The Green Party aren't taking it lying down, seeking an apology from Mr Key for the invasion of France last century and the diminishing amount of jam in the middle of Shrewsburys.
Not letting up
Andrea Vance is not letting up either, saying she's damn angry that her flat white was tepid on Tuesday morning and is expecting a Ministerial Apology for it.
The Prime Minister's office however poured cold water on the idea of anyone saying sorry.
Nor does he feel any remorse for the infamous three-way handshake at the end of the Rugby World Cup. He did say on radio it was 'bollocks” and 'that Frenchman came down on top”. (Really, he said that, we didn't make that up.)
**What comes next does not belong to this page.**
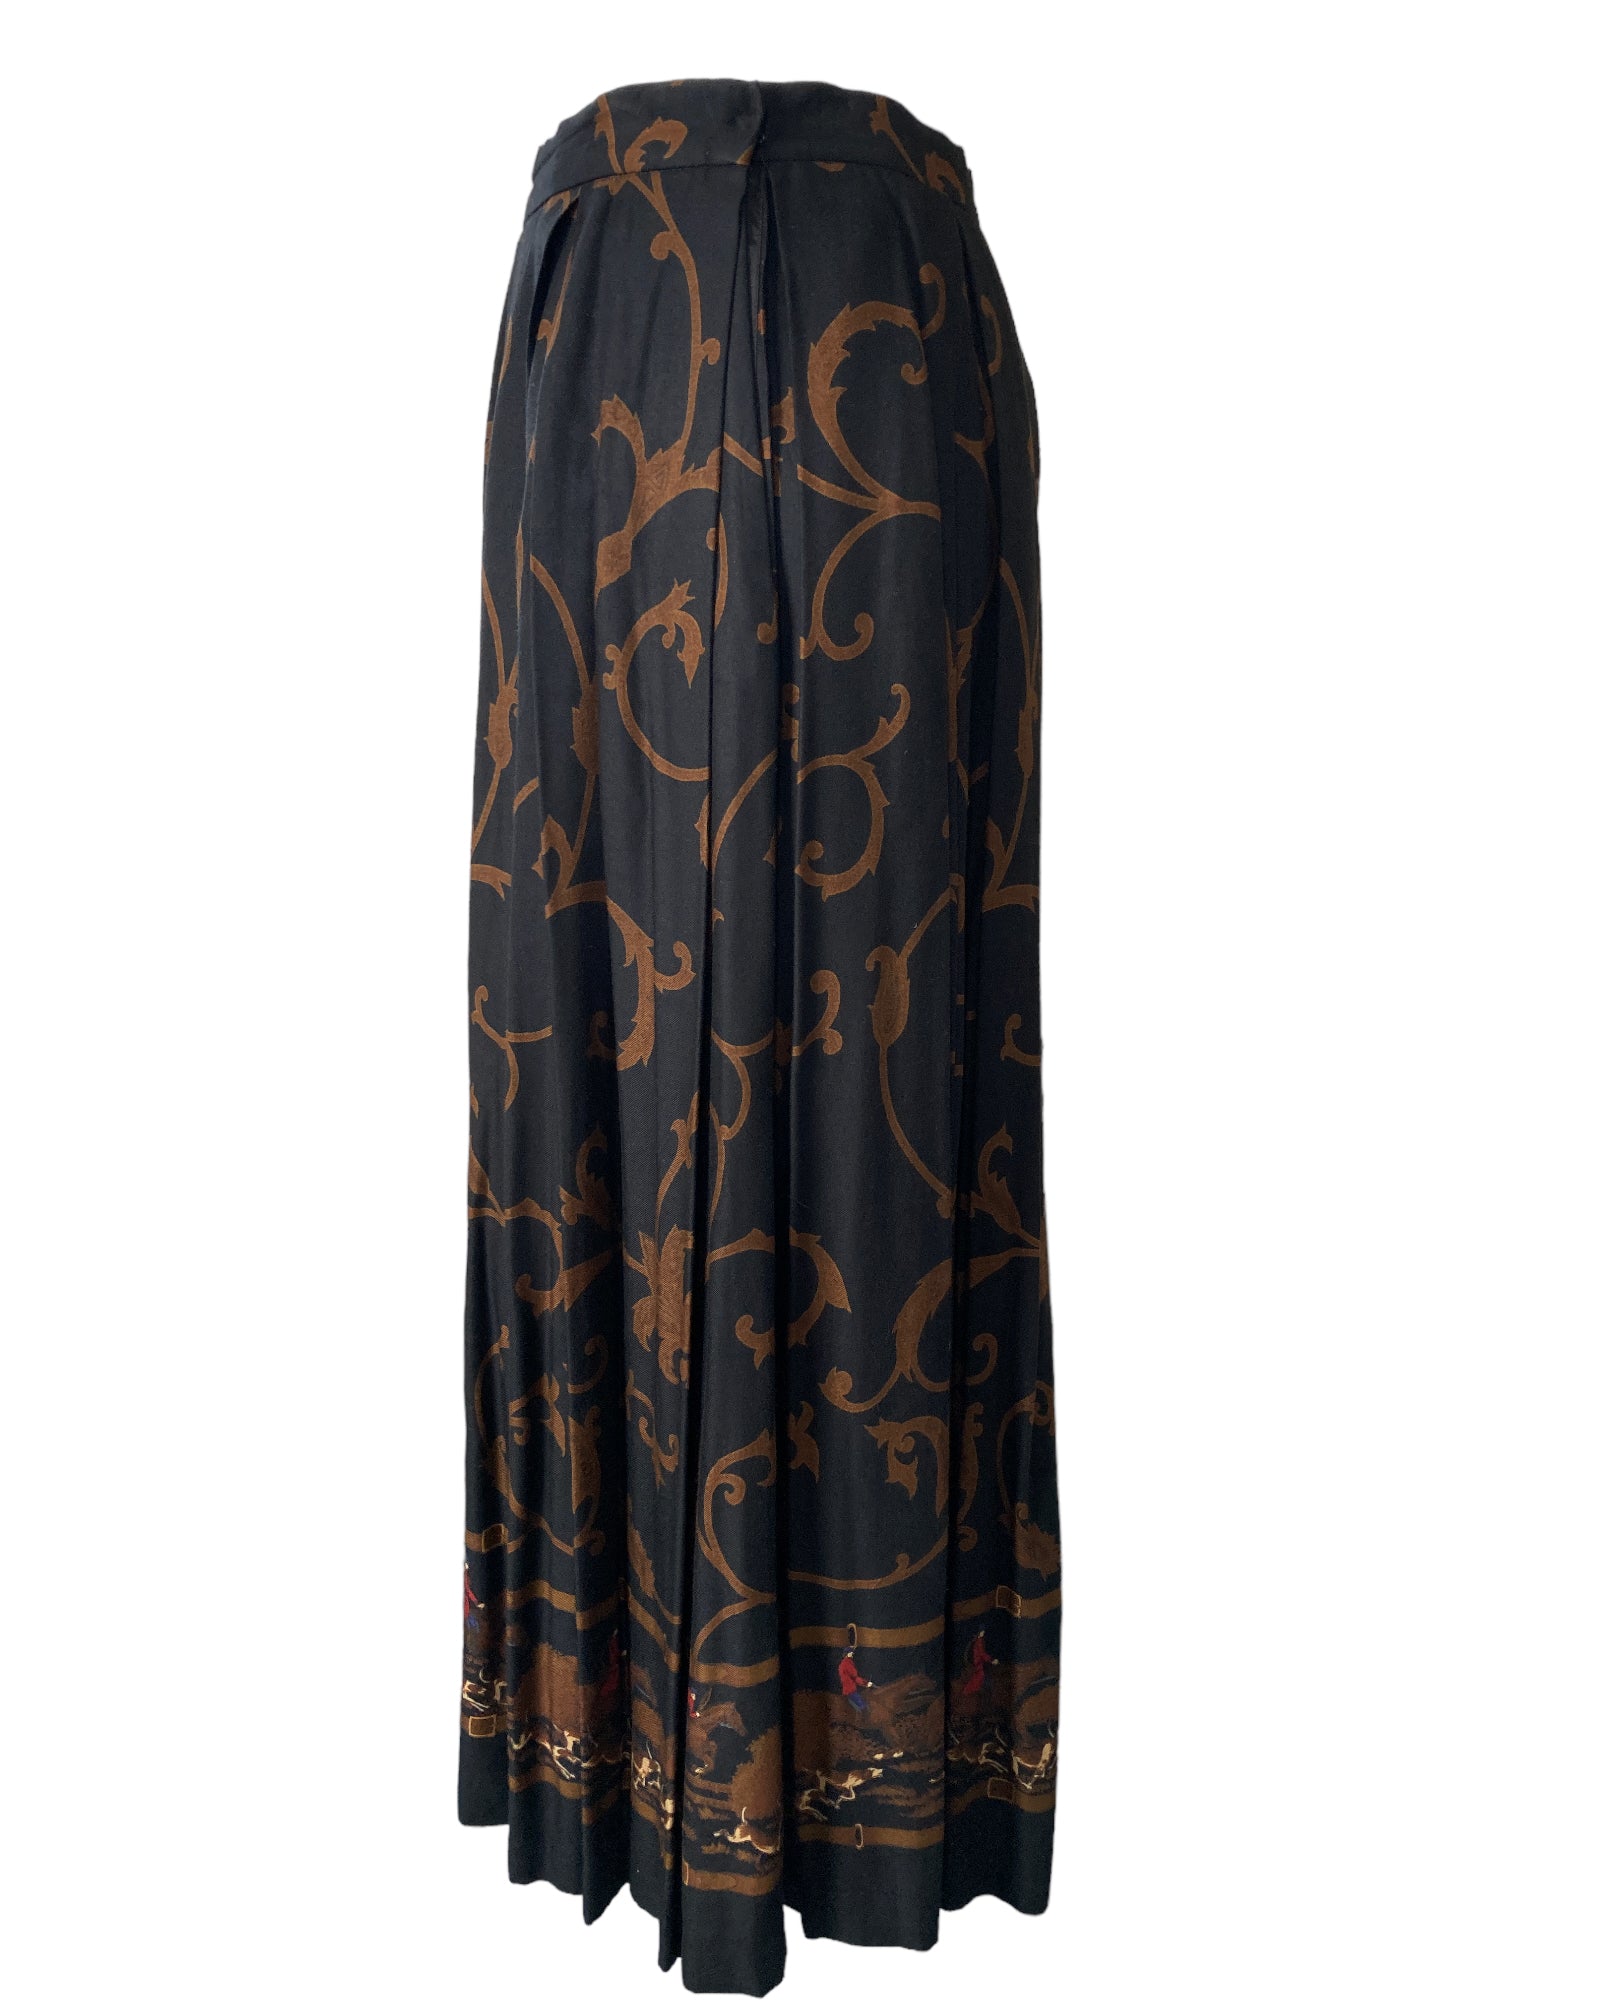 Neiman Marcus Vintage Horses and Hounds Long Skirt, 10

Mr Key is also denying responsibility for putting the Bomp in the bomp, bah bomp, bah bomp or the Ram in the rama lama ding dong.
'The bomps and the rams were instigated during the Clark administration,” Mr Key is likely to have responded. RR research backs this up, our team discovering that the ding dong was clearly Trevor Mallard.
Mr Key is emphatic he will not be apologising to distressed cat owners, either: 'I did not Let the Dogs Out.”
In other news, the US is on a terrorist high alert this week. It's thought Al Qaeda have given up on explosives and pressure cookers, instead focussing on a new way to bring a country to its knees.
Crippling a nation
They're using dirty pipes. After seeing New Zealand's export reputation ruined over night, they figure it's a more effective way to cripple a nation, economically, than simply blowing up a few citizens randomly. Word on the street is, there's a lucrative market for failed dairy technicians with lacking hygiene standards, retraining as terrorists operating under the guise of dodgy plumbers.
US marshall turned terrorist hunter, Willie Fawcett, says they're determined to flush out the dirty pipe perpetrators.
Meanwhile RR researchers have measured the pureness of New Zealand after the discovery of a dirty pipe and declared the country is now 98 per cent pure.
We expect the lost two per cent to be restored as soon as the pipe is dealt with, although the pending visit of Jon Bon Jovi may claim a percentage or two of the nation's net purity ratings.
Parting Shot
In a surprising turn of events, Australia is considering coming clean on some of the Kiwi treasures it has laid claim to over the years. We have unconfirmed reports that the Aussies are thinking of offering us back ownership of the Pavlova, Russell Crowe, Phar Lap (the horse Key denies killing) and Crowded House… if we'll take Rolf Harris.